Succession star Brian Cox says he switched from Labour to put 'Scotland first'

Succession star Brian Cox has said he had to put Scotland “first” by deciding to switch support from Labour to independence.

The Golden Globe winning actor, who stars as Logan Roy in the hit TV series, said that Scotland had “always been sidelined” as he appeared on The Andrew Marr Show with Labour leader Keir Starmer.

The Dundee-born actor recalled how he had voiced Labour election broadcasts in 1997, the year Tony Blair came to power in the UK.

He said: “I was the voice of Labour in 1997, I helped, I did all the ads and I gave myself to it.

“But at the end of the day Scotland is prime for me.”

Cox said the war in Iraq and the Brexit referendum, when 62 per cent of Scots voted for to stay in the European Union, had been factors in his move away from Labour.

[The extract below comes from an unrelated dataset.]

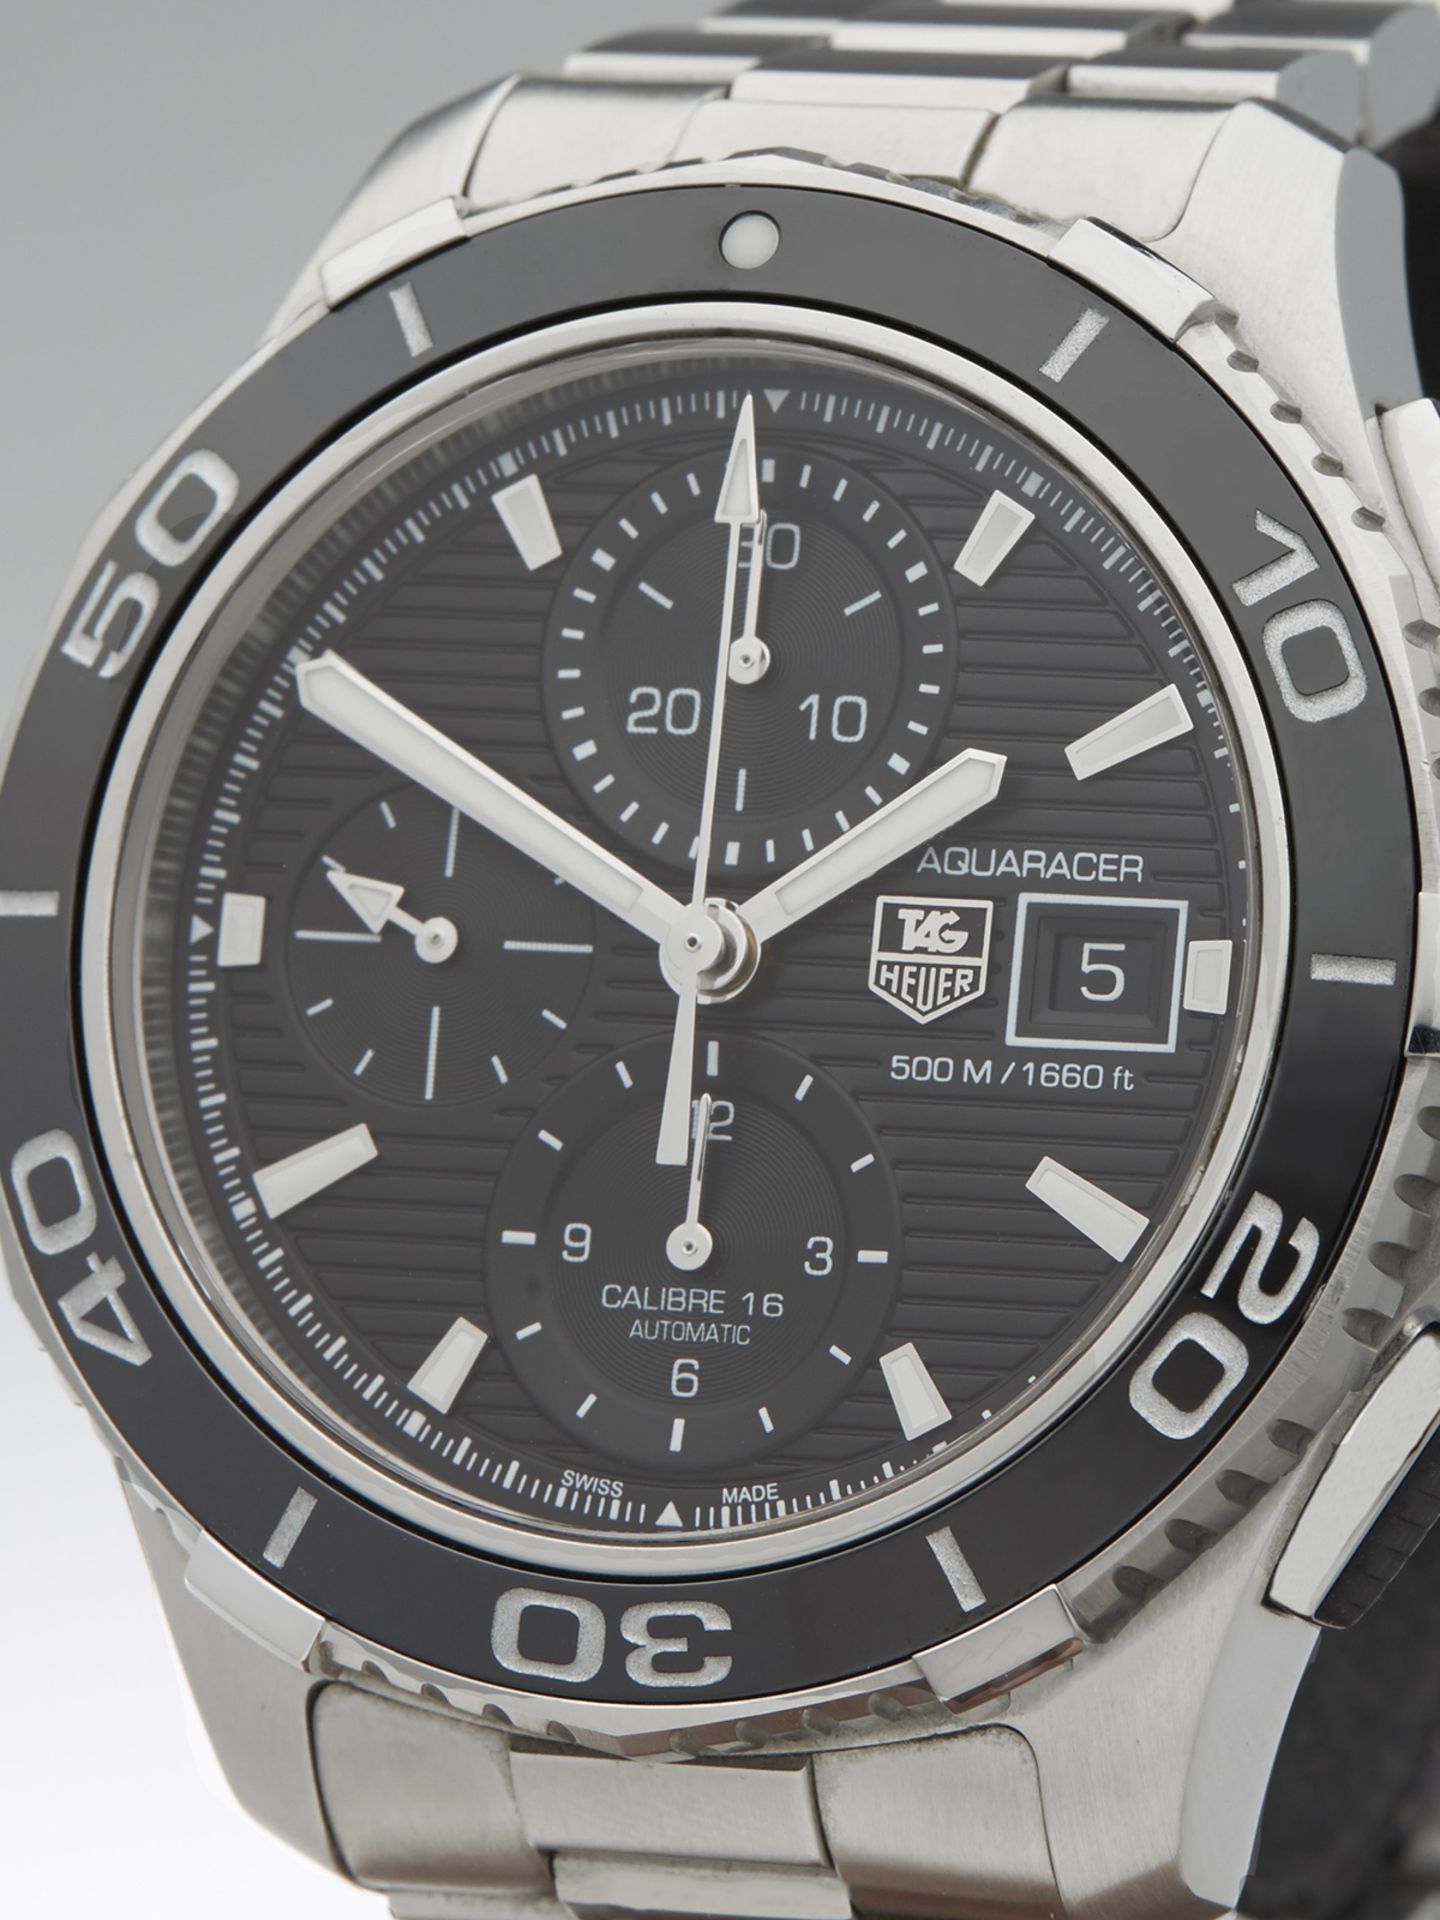 Tag Heuer Aquaracer Chronograph Ceramic 43mm Stainless Steel CAK2110.BA0833 - Image 3 of 9

Asked why his politics has changed, the actor said: “We really haven’t got enough time, it is a long story, and it comes really down to what I thought was a failure of social democracy."

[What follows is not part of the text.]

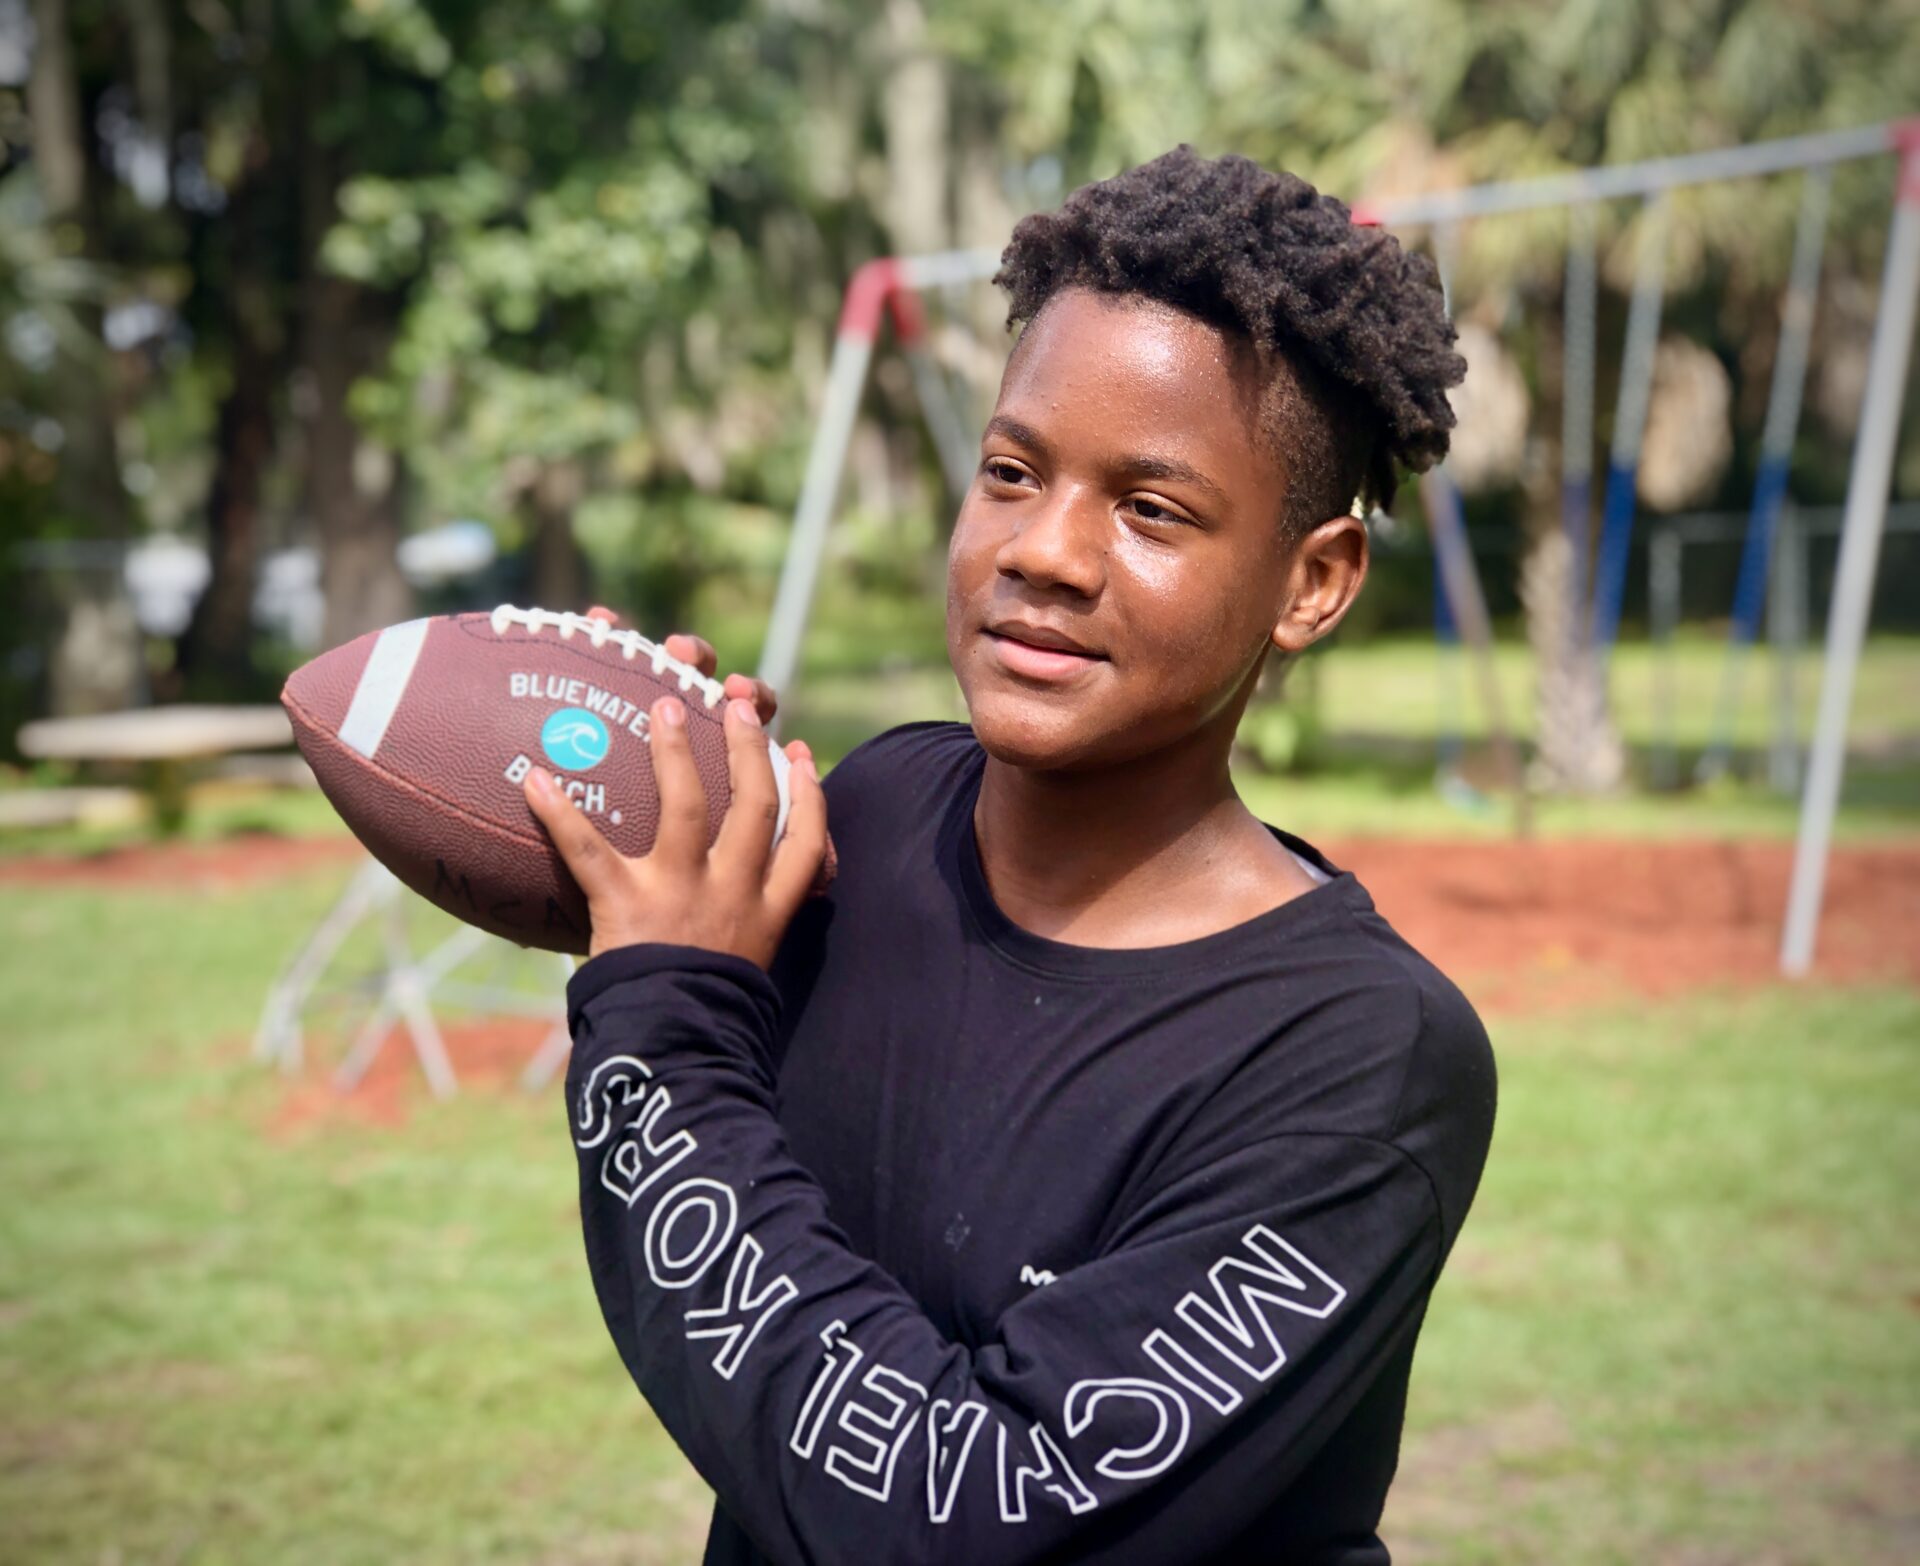 A young man holding a football in his hands.

“Also the Iraq war, that affected me, Blair’s hubris affected me. And I saw the party going in a certain direction and I was really very concerned.”

Cox insisted he was a “socialist” saying he agreed with Labour leader Keir Starmer on “many things”.

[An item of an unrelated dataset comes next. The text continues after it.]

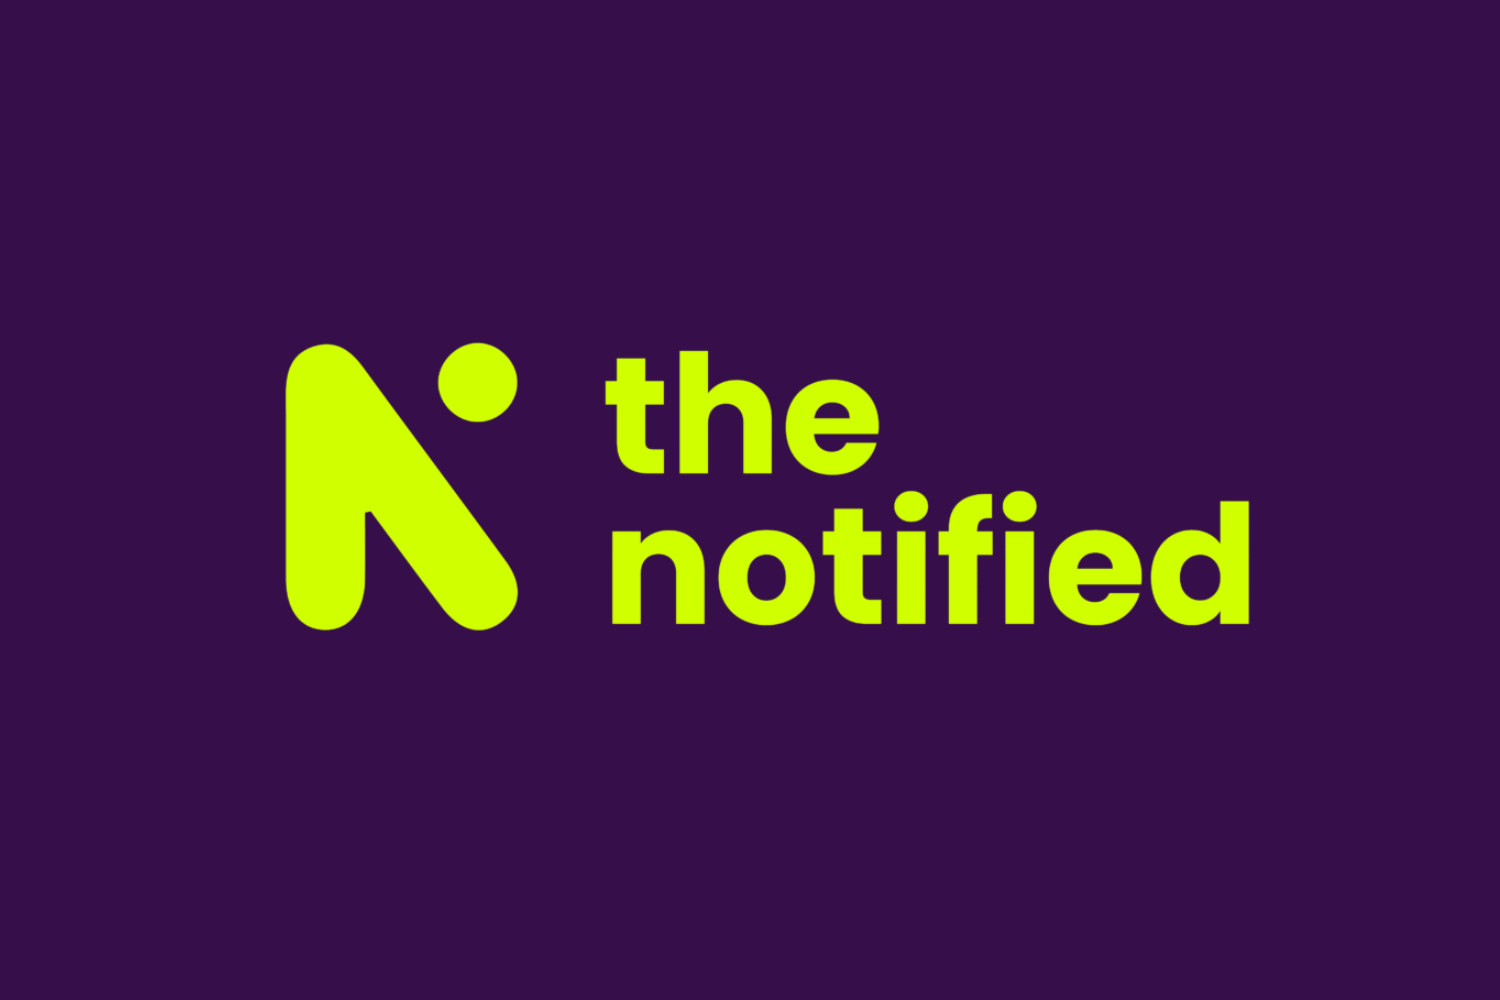 The notified – The Art of Brand Creation

He added he was “devastated” by Labour’s losses in the north of England in the 2019 general election

But he said: “My country was traduced for long enough, time and time again. We voted 62 per cent to stay in Europe and we were ignored, and if you think about the Thatcher years we were ignored.

Cox continued: “I look at what happened in the north at the last election and I was devastated by that because I am a socialist, principally I am a socialist. But I have to put my country first because I looked at what has happened to my country and I am disgusted.

Starmer, who appeared on The Andrew Marr Show alongside Cox, accepted: “It is certainly true we have to do a lot of work in Scotland.”

The Labour leader added: “The most important thing is actually respect, and listening to Scotland has to be a central part of this.”

But Starmer insisted Labour would not do a deal with the SNP to help win power at Westminster.

He said: “There’s no basis of a deal before we go into an election, nor coming out of an election.”